The girl looked at me with surprise then obediently lay back down, curled up under my blanket, and closed her eyes.
I studied my little cabin, wondering what I’d need. I’d already pared everything pretty much down to the basics of survival. If we were going to be hiking or bicycling, assuming I could get Kay a bicycle by tomorrow, we’d be camping and sleeping rough. We’d need sleeping bags, food, weapons. The problem was I had just enough supplies for one. One sleeping bag. One canteen. I’m a bastard, but even I’m not such a bastard as to throw a young girl out in the wilderness with no supplies.
“Oh bother,” I muttered aloud. There was a supply store in town. We could go tomorrow. I had enough money saved that I could at least outfit her decently. For now…may as well sleep.
I pulled off my black leather knee-high boots, then climbed into bed still dressed and yanked back half my blanket to cover me.
“Hey,” a sleepy voice protested.
I wasn’t in the mood to hear it. “My blanket,” I pointed out firmly. There were no more protests. Good. Smart girl. We slept.
I soon woke. And remembered.
Snow gathering onto a brown tree branch then slowly melting, dripping down into oblivion. That was all I saw of that winter. The view from a small hospital window, high on the wall. It hurt to move, even to breathe, and the pain pump that I pressed often and hard only gave me enough relief to make the worst recede but never leave. I don’t know why Leah came to see me. The last time I’d seen her, I’d punched her in the eye. It didn’t surprise me that she’d heard about the assault; I knew it had been in all the papers, the local ones as well as the school ones. But I never thought she’d come to see me. I recognized her, of course, but I didn’t speak. All that long winter I’d not spoken, and I wasn’t about to start now. I had left nothing to say. They said my bones were healed, and I wasn’t broken anymore, but I still felt broken. There was only a howling empty space left. She came, though, and she spoke and held my hand, and it seemed okay that I didn’t speak. Every day, without fail, she came at 3:30, after her last class, and held my hand and spoke enough for both of us. She told me about the riots in the city, and the fuel shortages that had prompted the closing of several more airports. All along, she said, she could see something winding down, and she’d written a story about a great empire built on the landscape of a giant clock, but the clock was winding down and the springs were breaking loose. She said it was the only piece of fiction she’d ever written and it felt truer than anything else she saw around her.

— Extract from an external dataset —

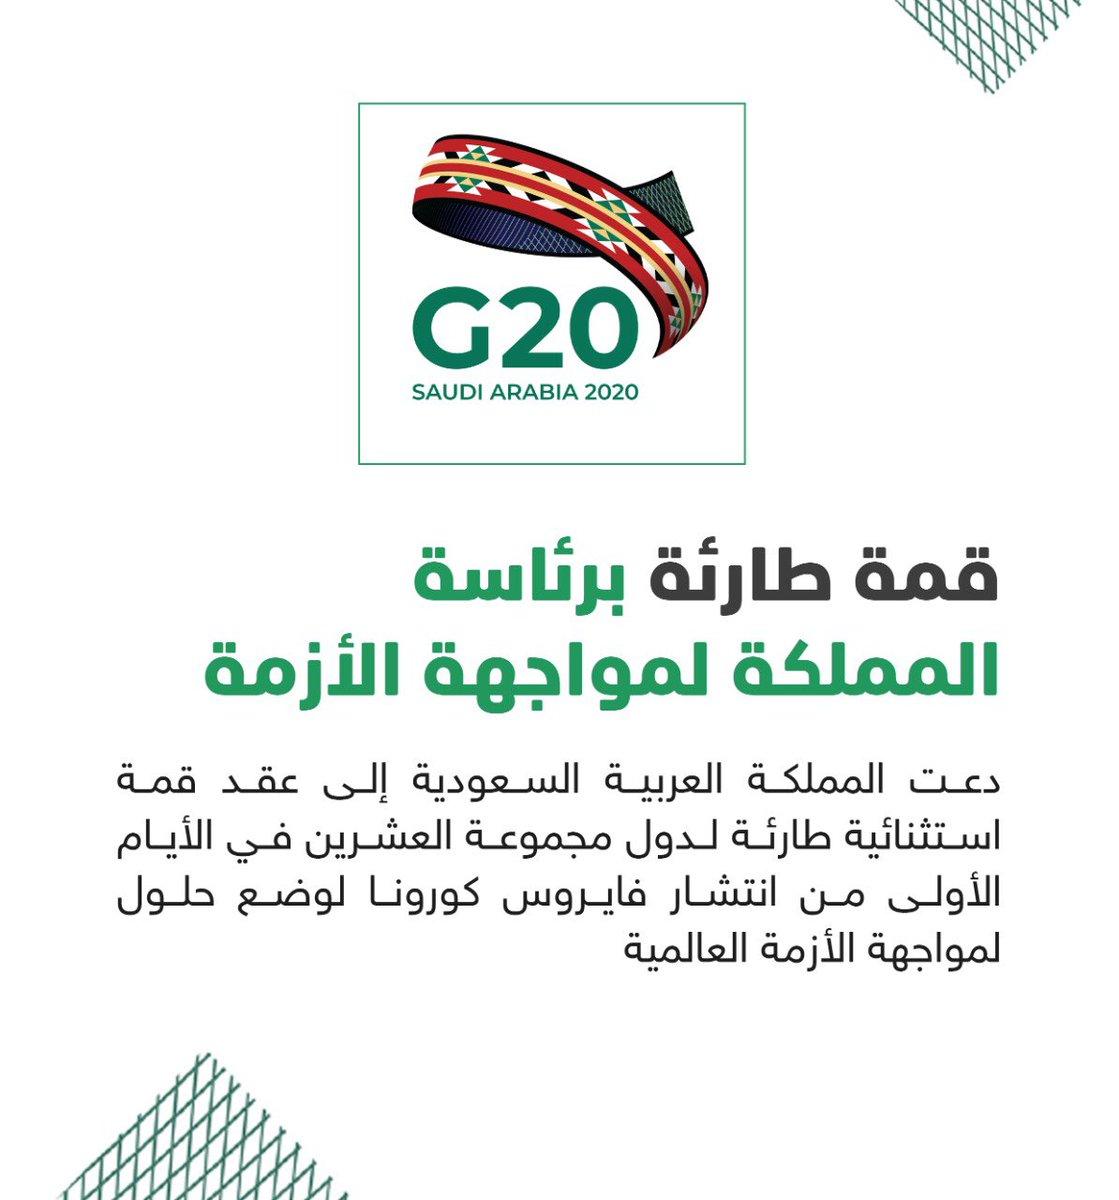 السعودية تقدمت بشكل كبير في مراتبها بين دول مجموعة العشرين وهالشي يثبت صحة قراراتها الاقتصادية، النجاح الاخر هو باستضافة قمة العشرين في هذه الظروف. #نجاح_قمة_العشرين_بالسعودية

In the meantime, she painted, and she told me about those paintings, and still I did not speak, but at 3:00, I would find myself waking each day with a feeling of anticipation, and when she left each night, I was sorry and I missed her, and I could still feel the warmth of her hand in mine.

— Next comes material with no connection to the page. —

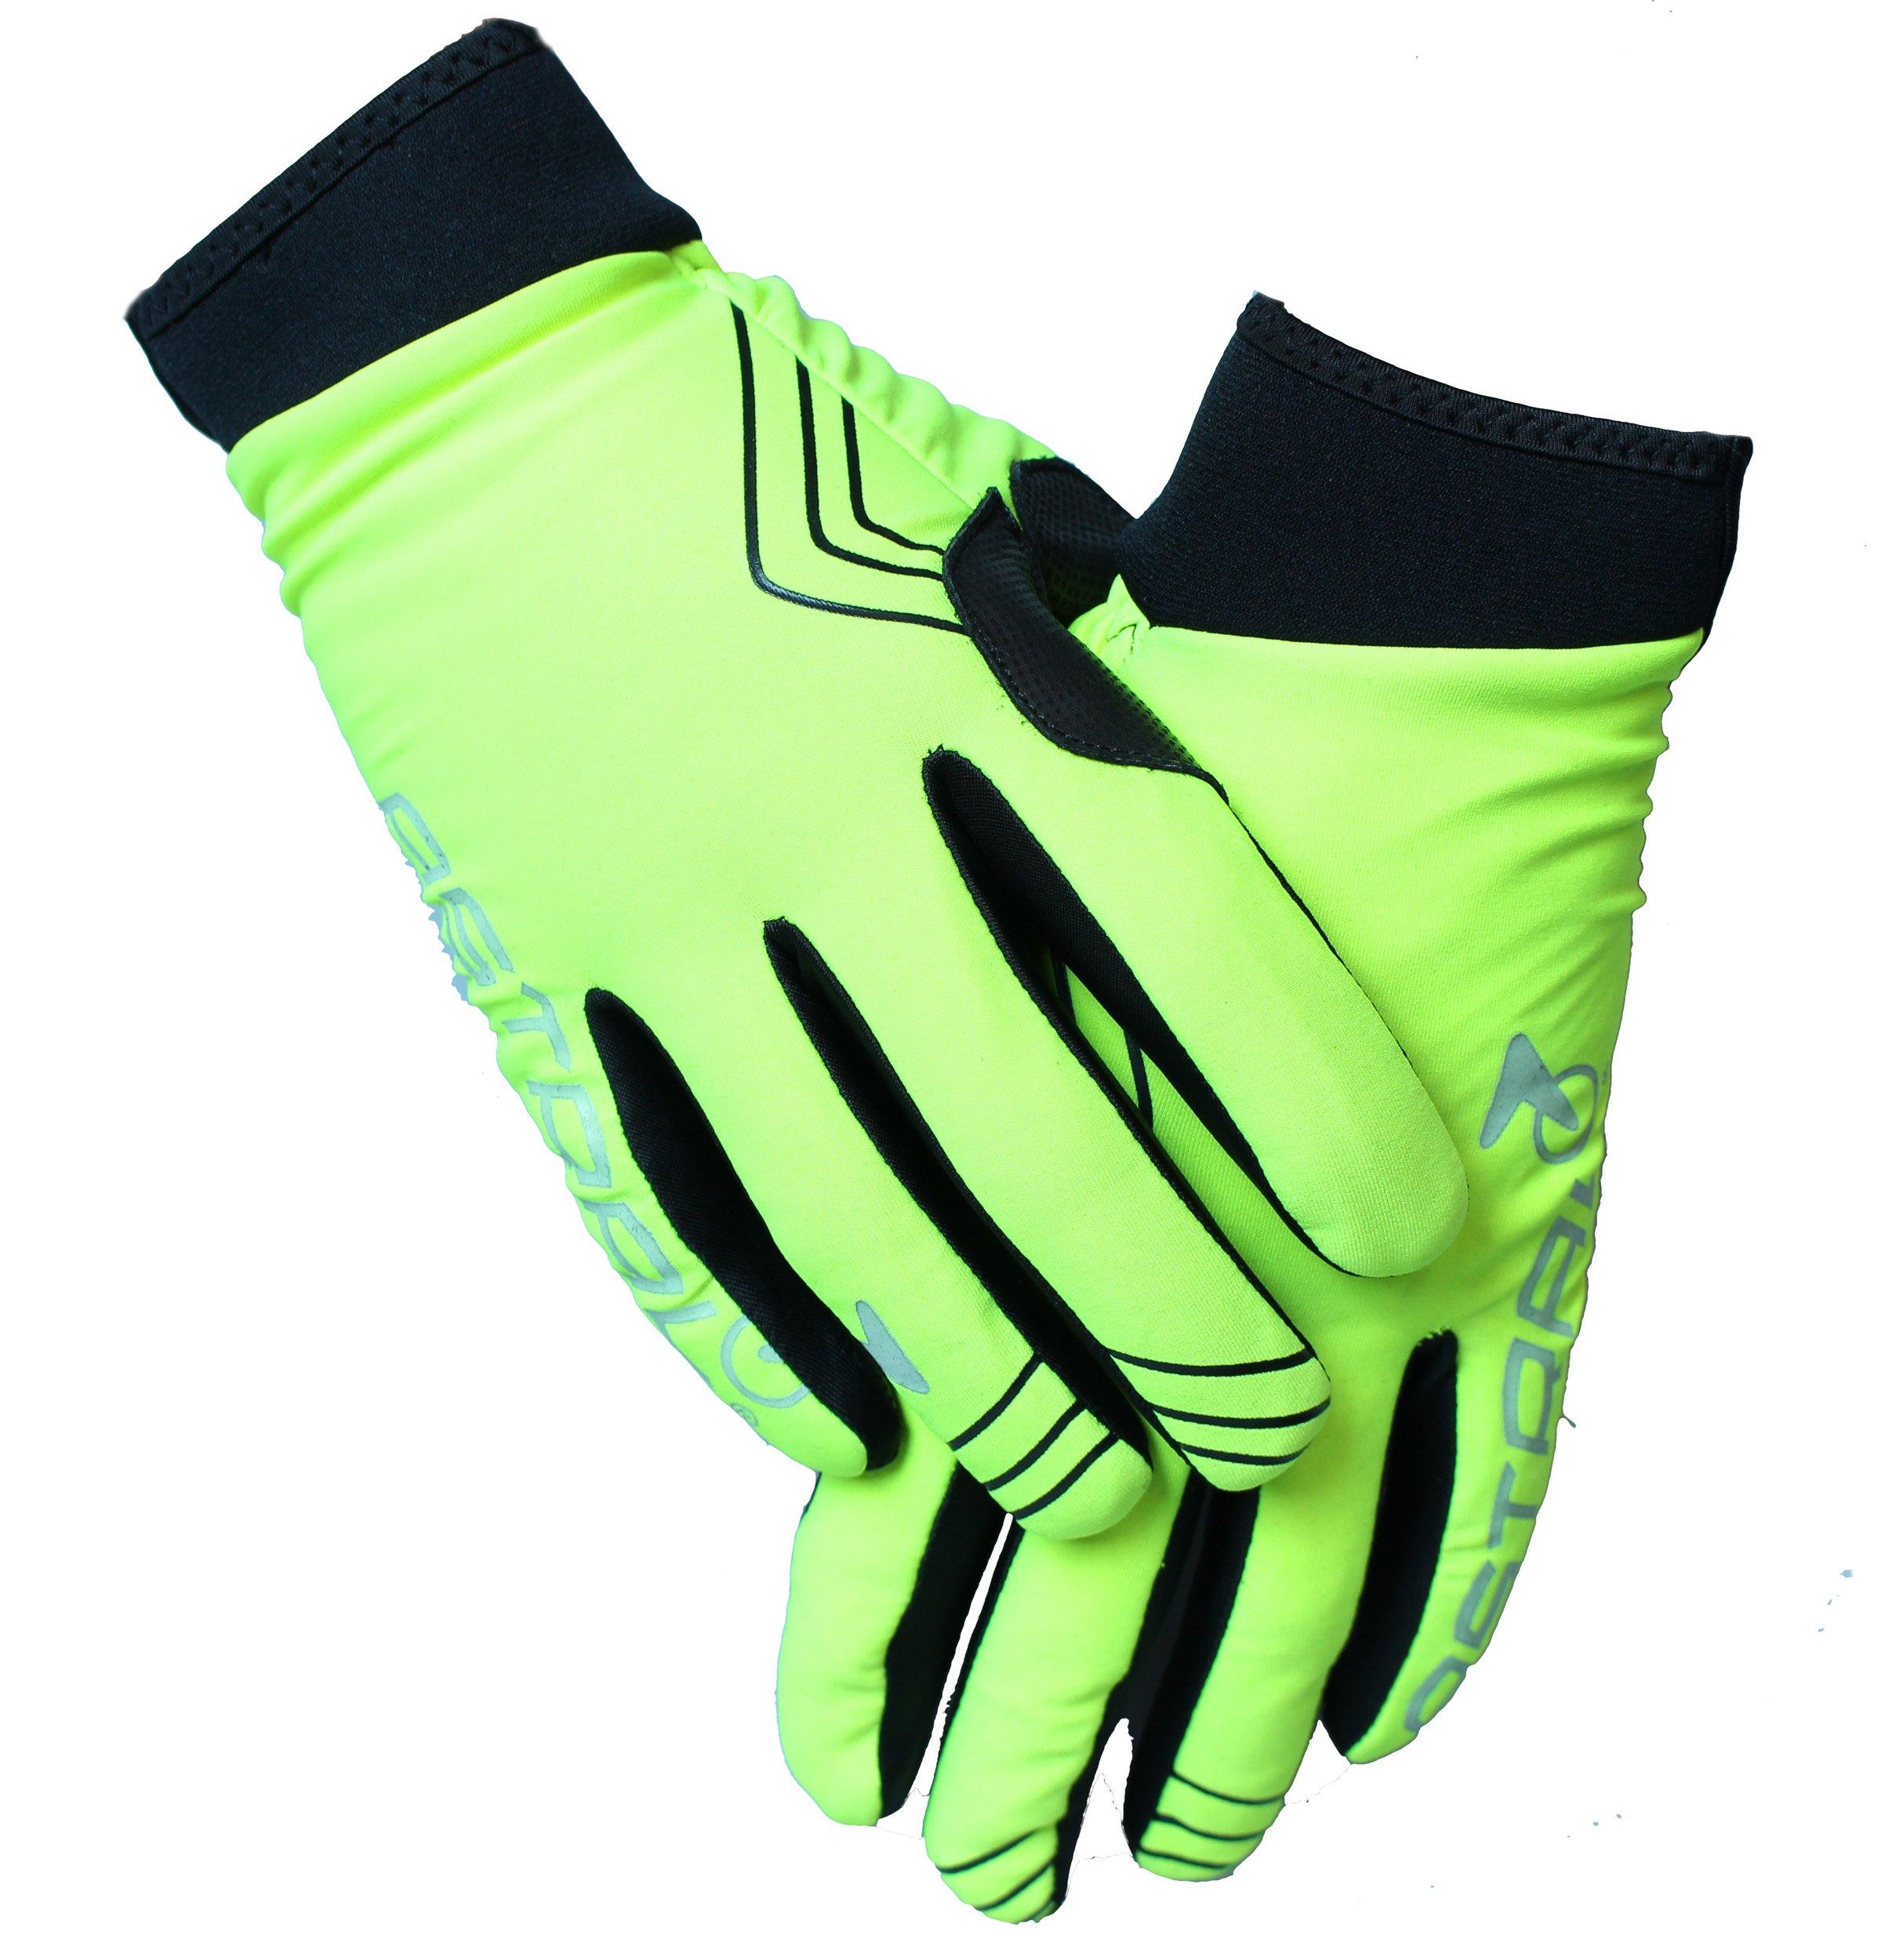 Astral Protect Softshell Vind og vandafvisende Handsker Fluo - 169,00 | Gloves

She never asked me directly about the assault except once. “Do you want to talk about it?” I shook my head. I would never speak of it. She nodded as if understanding perfectly, and then bent down and lightly kissed the bruise on my cheek. Her lips were as soft as a promise, and I put my hand on her back, feeling her presence, the strength of it. She kissed each bruise, and I felt the tension that I’d been holding in since everything happened gradually dissipating, felt the incident itself leaving me. Oh, I remembered it all right, there was no denial here, but it was no longer something I carried with me. I’d set it down like a lumpy package by the side of the road and could move forth, free.
And after that day, we began to talk. And talk and talk. And we never stopped. Until they took her away from me.